2. Linux CMake Method:
Install essential packages:
`bash
sudo apt-get install build-essential git libopencv-dev cmake
`
Clone the repository:
`bash
git clone https://github.com/hank-ai/darknet
`
Create build directory:
`bash
mkdir build
cd build
`
Configure CMake:
`bash
cmake -DCMAKEBUILDTYPE=Release ..
`
Build Darknet:
`bash
make -j4
`
Install (optional):
`bash
make package
sudo dpkg -i darknet-VERSION.deb
`
3. Windows CMake Method:
Install prerequisites:
`bash
winget install Git.Git
winget install Kitware.CMake
winget install nsis.nsis
winget install Microsoft.VisualStudio.2022.Community
`
Modify Visual Studio installation: Ensure Desktop Development with C++ is selected.
Open Developer Command Prompt for VS 2022: Do not use PowerShell.
Install VCPKG:
`bash
cd c:
mkdir c:src
cd c:src
git clone https://github.com/microsoft/vcpkg
cd vcpkg
bootstrap-vcpkg.bat
.vcpkg.exe integrate install
.vcpkg.exe integrate powershell
.vcpkg.exe install opencv[contrib,dnn,freetype,jpeg,openmp,png,webp,world]:x64-windows
`
Clone Darknet repository:
`bash
cd c:src
git clone https://github.com/hank-ai/darknet.git
`
Configure CMake (specify VCPKG location):
`bash
cd darknet
mkdir build
cd build
cmake -DCMAKEBUILDTYPE=Release -DCMAKETOOLCHAINFILE=C:/src/vcpkg/scripts/buildsystems/vcpkg.cmake ..
`
Build using msbuild:
`bash
msbuild.exe /property:Platform=x64;Configuration=Release /target:Build -maxCpuCount -verbosity:normal -detailedSummary darknet.sln
`
Create installation package:
`bash
msbuild.exe /property:Platform=x64;Configuration=Release PACKAGE.vcxproj
`
Running Darknet
1. Darknet CLI (Command Line Interface):
Basic Commands:
* darknet version: Check the installed Darknet version.
* darknet help: Get a list of available commands.
Prediction:
* darknet detector test cars.data cars.cfg cars_best.weights image1.jpg: Predict using an image.
* darknet detector demo animals.data animals.cfg animals_best.weights test.mp4: Process a video.
* darknet detector demo animals.data animals.cfg animals_best.weights -c 0: Read from a webcam.
Training:
* darknet detector train animals.data animals.cfg: Start training a new network.
2. DarkHelp CLI (Alternative CLI):
DarkHelp provides an alternative command-line interface with advanced features like object tracking and image tiling.
It is complementary to the Darknet CLI and can be used alongside it.
3. MSCOCO Pre-trained Weights:
Several versions of YOLO are pre-trained on the MSCOCO dataset (80 classes).

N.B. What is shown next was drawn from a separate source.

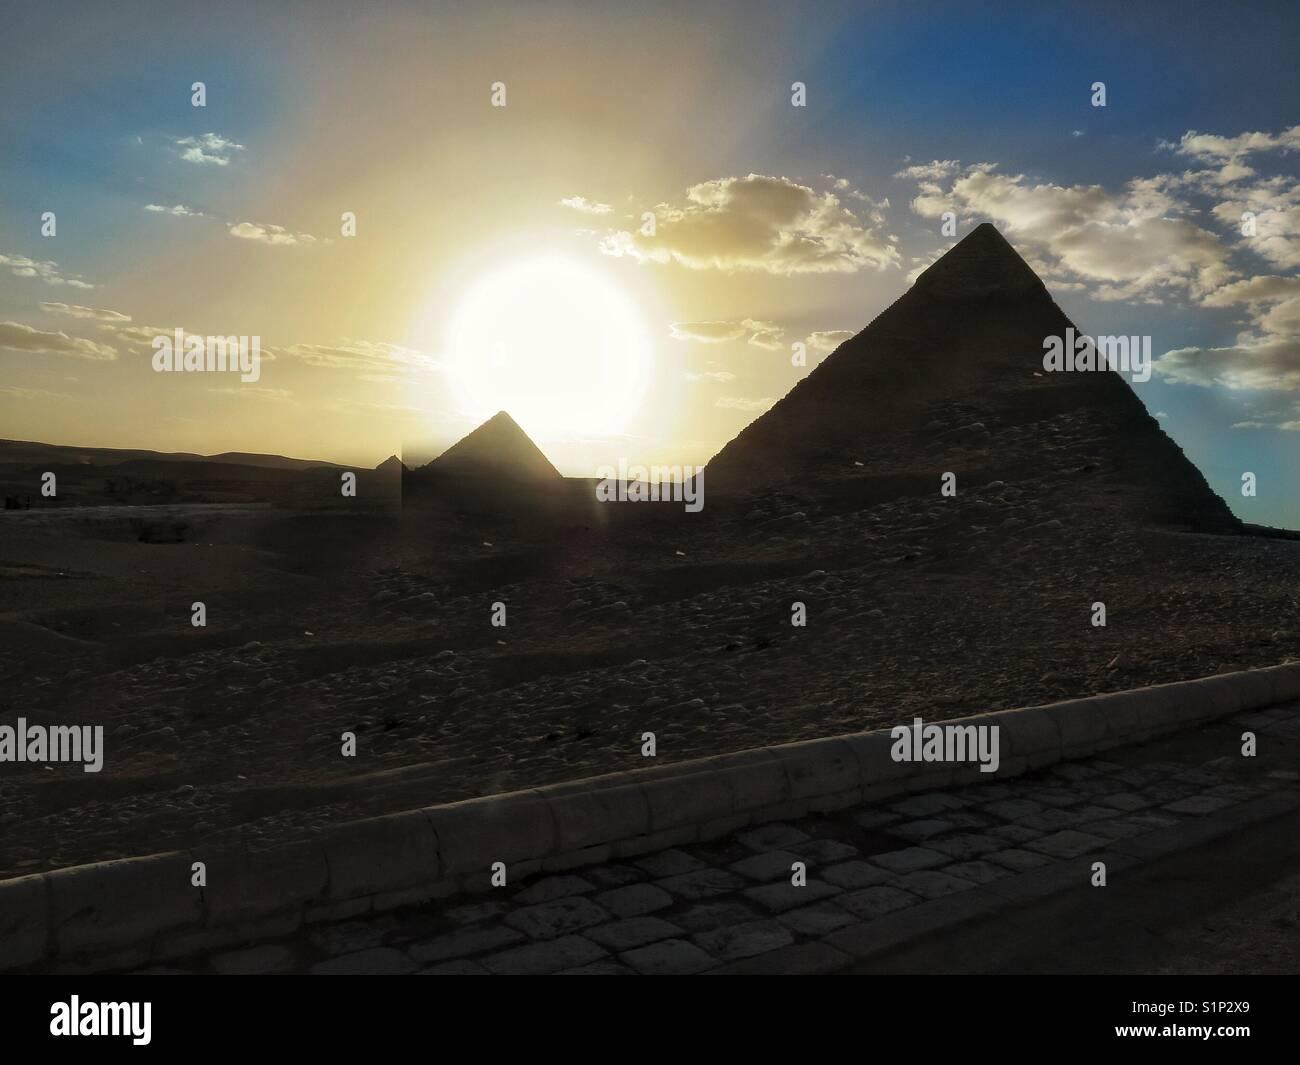 Pyramids, Cairo, Egypt - Stock Image

These weights are provided for demonstration purposes and can be downloaded from the Darknet repository.
Conclusion
Downcodes' comprehensive overview of the Darknet object detection framework and YOLO offers a foundation for anyone interested in delving into real-time object detection. From its open-source nature and unmatched performance to its versatility across platforms, Darknet/YOLO continues to be a powerful tool for developers, researchers, and enthusiasts alike.
Remember: Explore the Darknet/YOLO FAQ and join the Darknet/YOLO Discord server for additional resources and community support.